L’ONU a demandé samedi « une action immédiate » pour faire cesser les tueries à El-Geneina, chef-lieu du Darfour-Ouest, où les Massalit – une ethnie non-arabe, majoritaire dans la ville – sont visés par les FSR alliées à des tribus arabes.

« Sur 16 personnes que nous avons pu interroger à ce jour, 14 ont témoigné avoir été témoins d’exécutions sommaires et de ciblage de groupes de civils sur la route entre El-Geneina et la frontière (tchadienne) – soit des tirs à bout portant sur des personnes sommées de se coucher au sol ou l’ouverture du feu sur la foule », rapporte le Haut Commissariat aux droits de l’Homme.

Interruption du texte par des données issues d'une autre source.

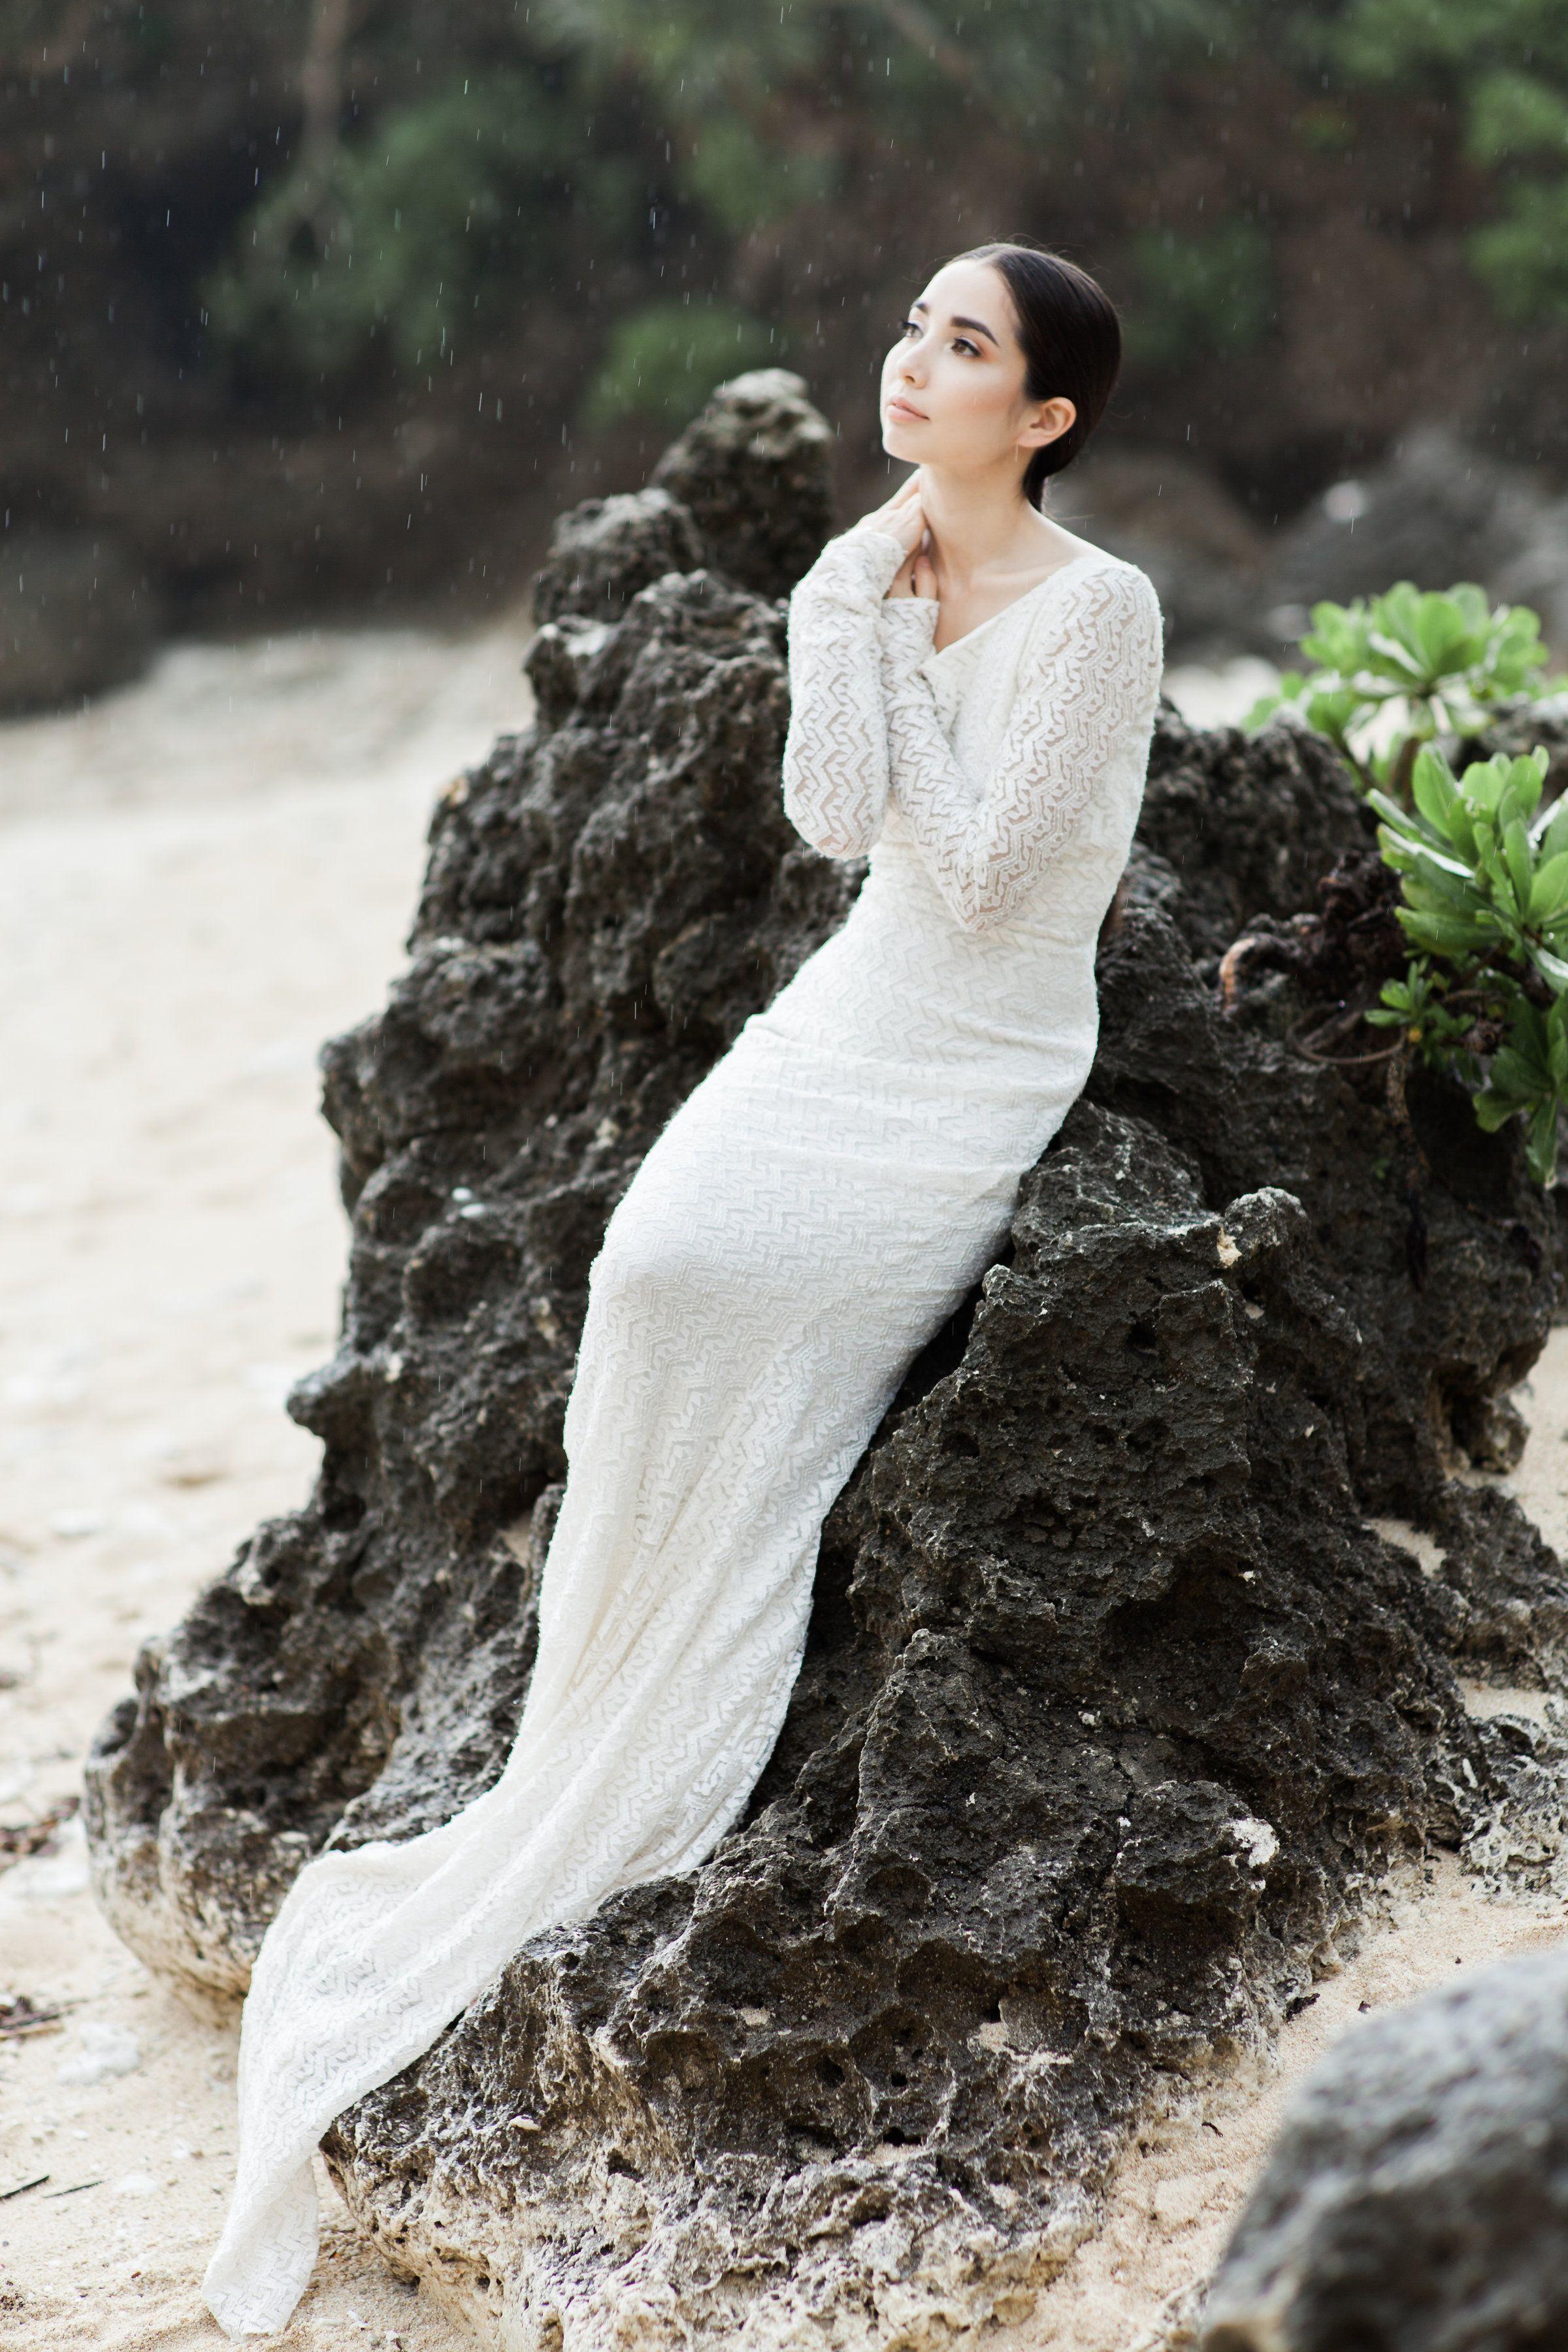 House Of Moirai Jane Dress Bride Bohemian Wedding Japan Weddingdress White Boho Hom Bridal Lace Dresses Boho Wedding Dress Wedding Dresses Lace

Pour ICG, « la fenêtre pour arrêter la guerre (…) se referme rapidement ».

Une fois close, « les chefs des deux camps ne pourront plus l’arrêter même s’ils le veulent », et cela créerait « un eldorado pour combattants transnationaux, mercenaires et trafiquants qui pourraient perturber la région pendant des années ».